For now, of course, the EU DPF Adequacy Decision has been granted, is in effect and allows compliant transfer to those US companies that sign up to the DPF for EU–US data transfers. During a press conference on 10 July 2023, EU Justice Commissioner Didier Reynders explained, “with the adoption of the adequacy decision, personal data can now flow freely and safely from the EEA to the USA without any further conditions or authorisations.” When asked about the possibility of further challenge against the EU DPF Adequacy Decision, Reynders stated, “[the Commission] is very confident to try to not only implement such an agreement, but also to defend [it] in all procedures that [it will] have to face.”
Are any other countries (including the UK) following suit with a new adequacy decision?
We have been delaying publication of this blog in the hopes of news from the UK of its own adequacy decision, but there is no news just yet (see more below on this).
The Swiss–US DPF, however, also entered into effect on 17 July 2023.
UK law was affected by the Schrems II decision, but post-Brexit, the UK doesn’t benefit from the new EU DPF Adequacy Decision. Organisations will be able to sign up to the UK extension of the EU–US DPF, but this currently doesn’t create a valid transfer from the perspective of UK law (see below).
On 7 October 2022, the same day that US President Joe Biden's Executive Order (EO) underpinning the new DPF was published, the UK government published its UK–US Joint Statement on a New Comprehensive Dialogue on Technology and Data and Progress on Data Adequacy. The statement announced "significant progress on UK–US data adequacy discussions", which had been a priority for successive governments since Brexit took effect. That commitment to a UK–US adequacy decision was reiterated in June 2023.

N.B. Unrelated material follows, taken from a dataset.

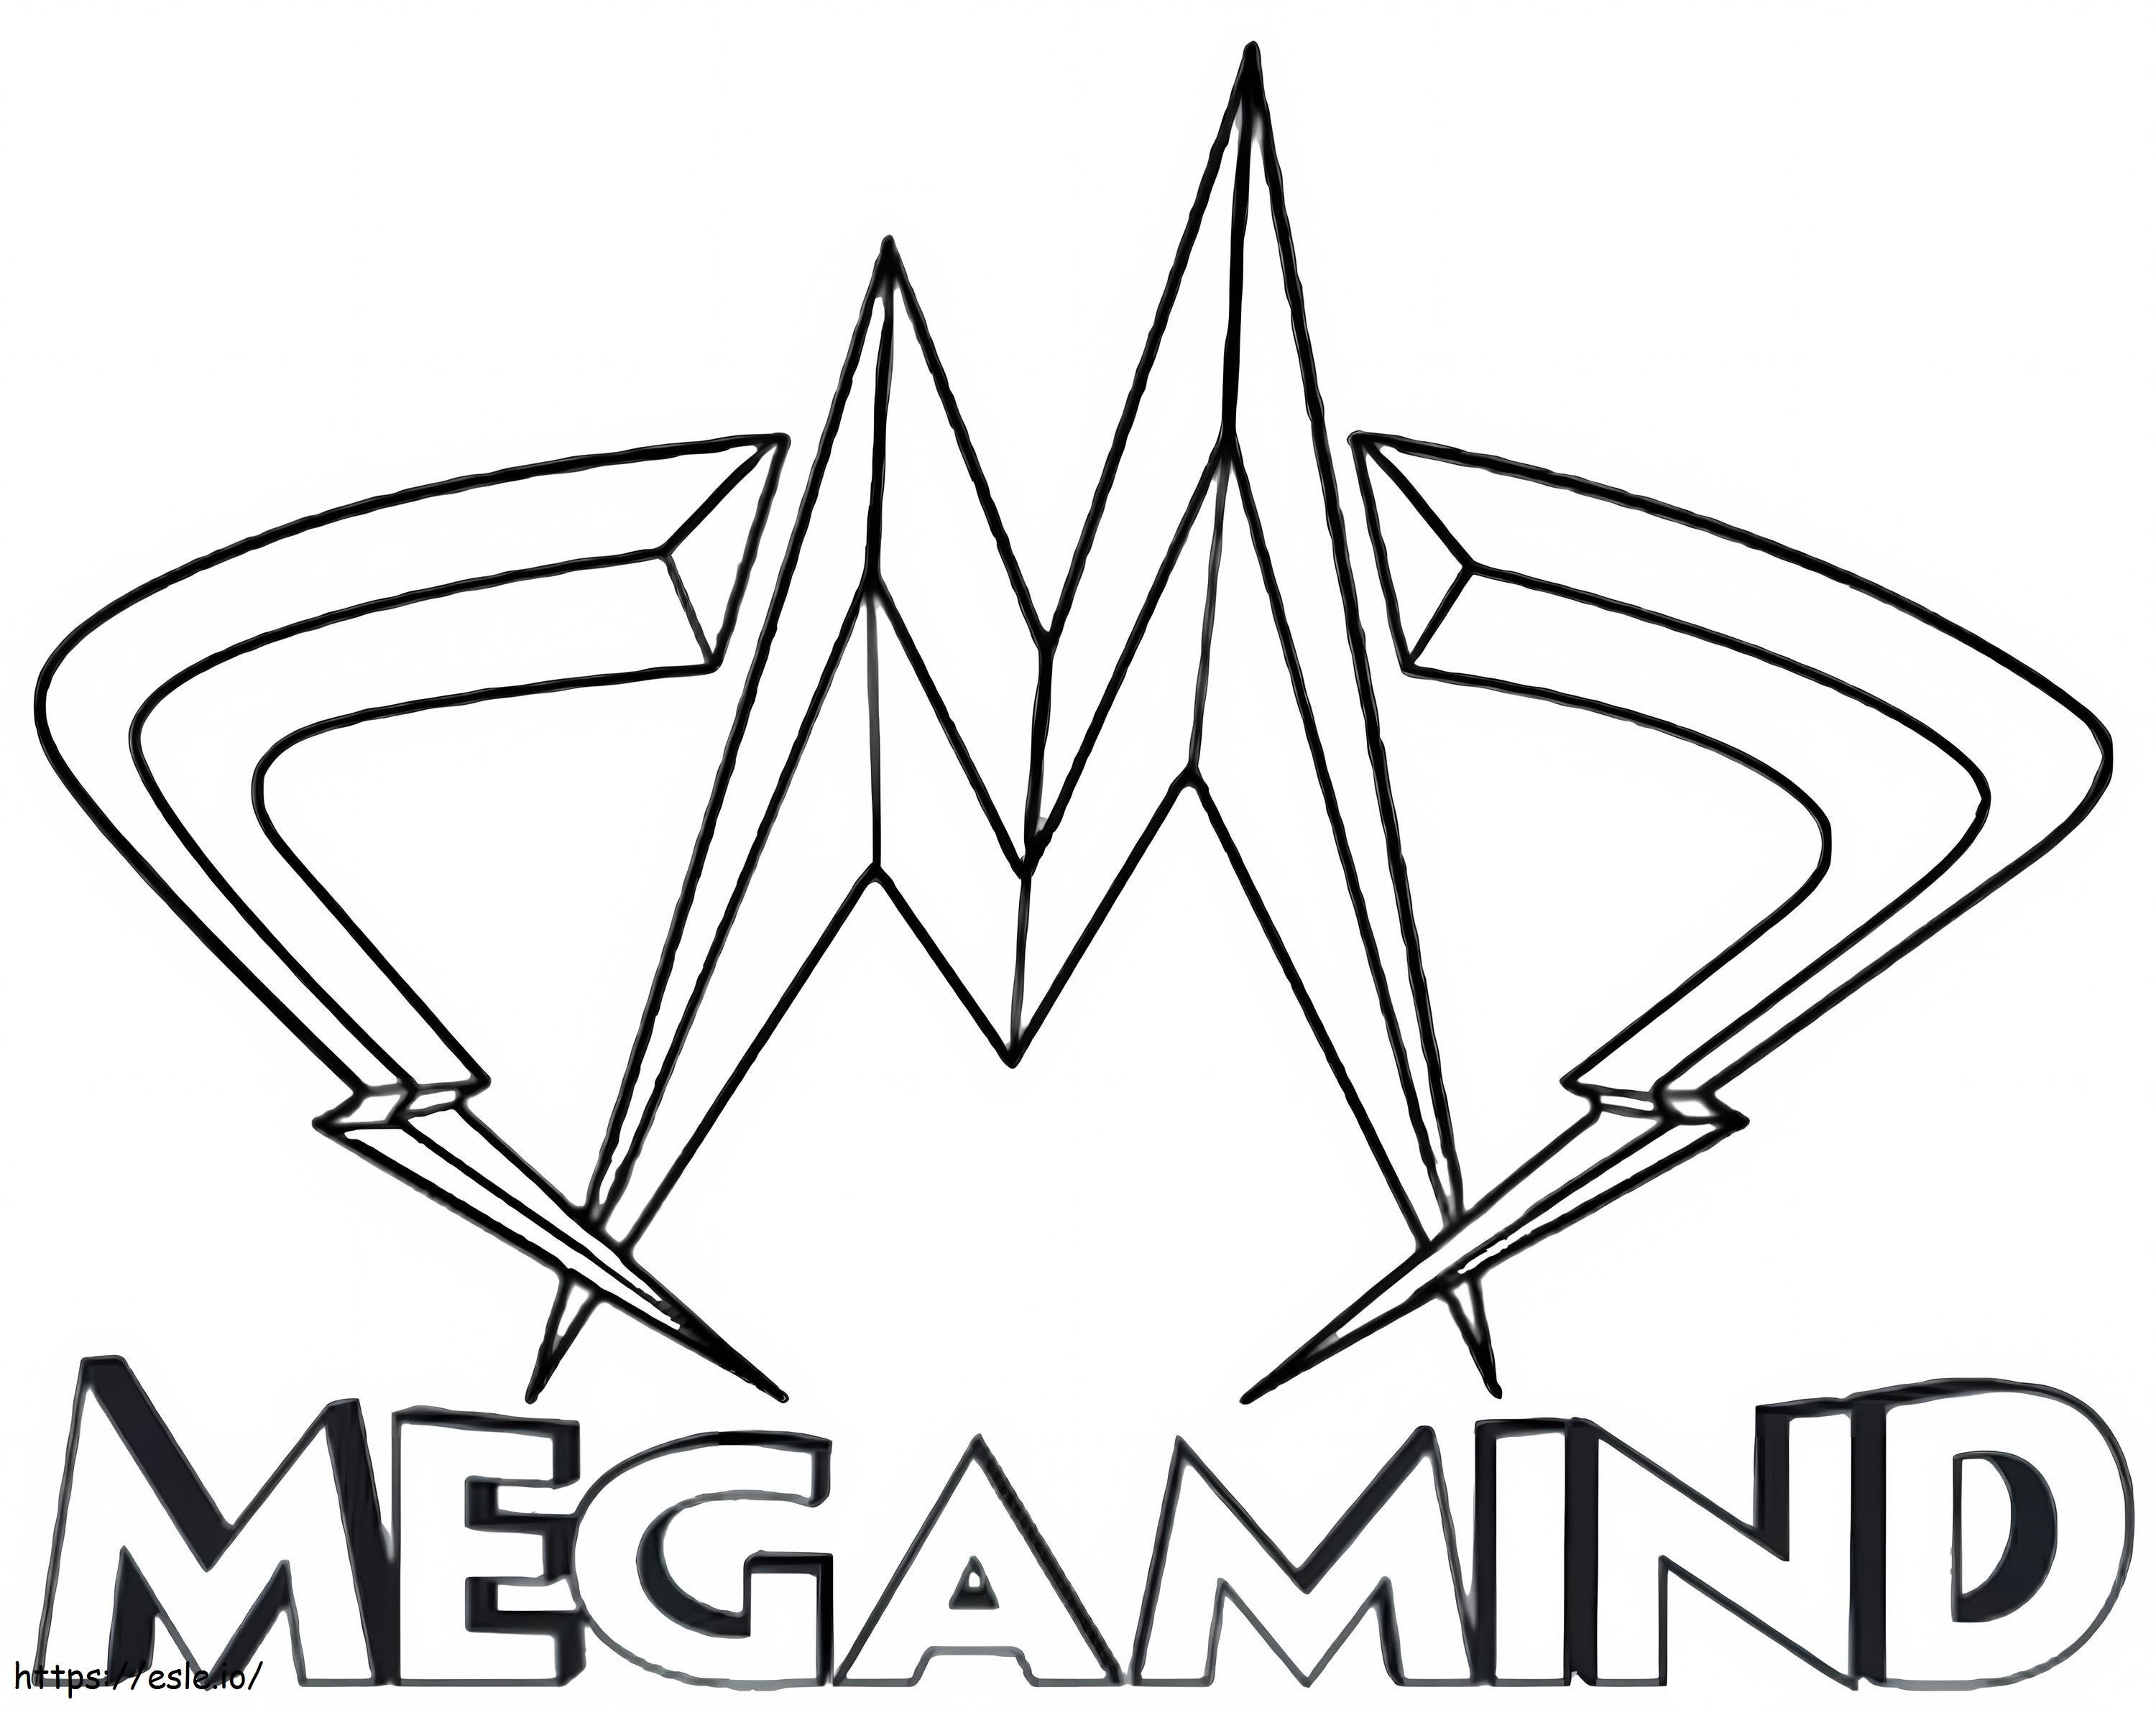 Megamind-Logo ausmalbilder
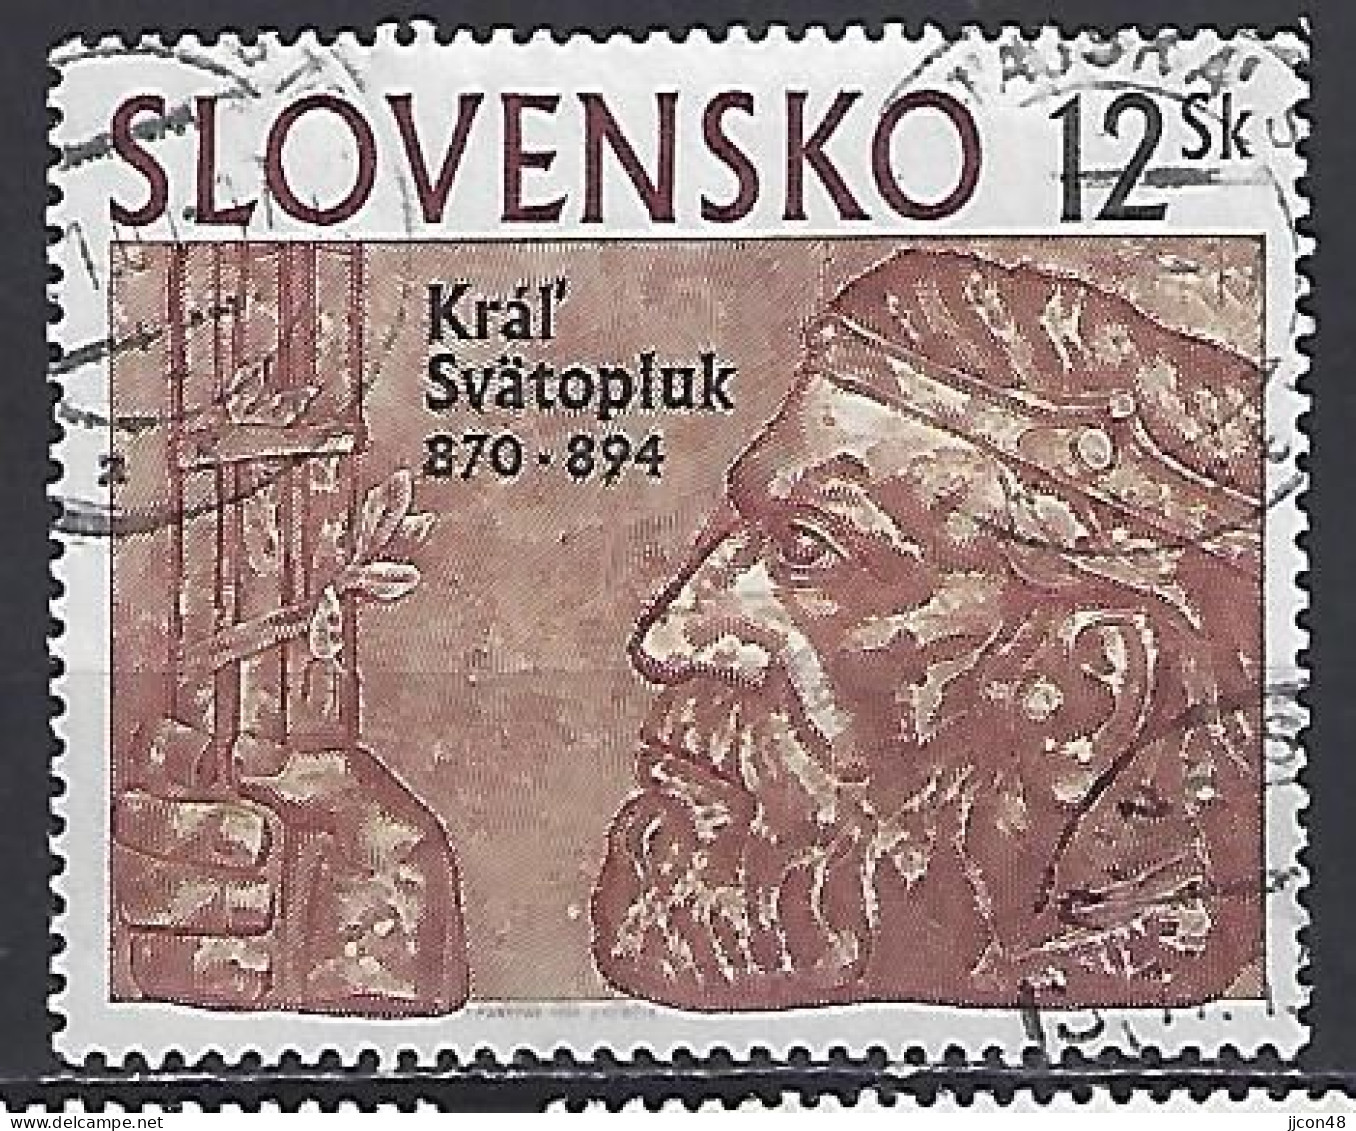 Slovakia 1994  King Swatopluk (o) Mi.198 - Used Stamps

On 11 July 2023, the US International Trade Administration stated that from 17 July 2023, US organisations:
May self-certify compliance pursuant to the UK Extension to the EU–US DPF, but may not begin relying on the DPF to import personal data from the UK and Gibraltar before the UK makes its own UK–US adequacy decision.
Participating in the UK Extension must also participate in the EU–US DPF.
The UK may take some comfort that it will not be subject to any CJEU decision that may occur if there is a Schrems III-type case. However, there may be a separate legal challenge in the UK, so a watching brief will be needed.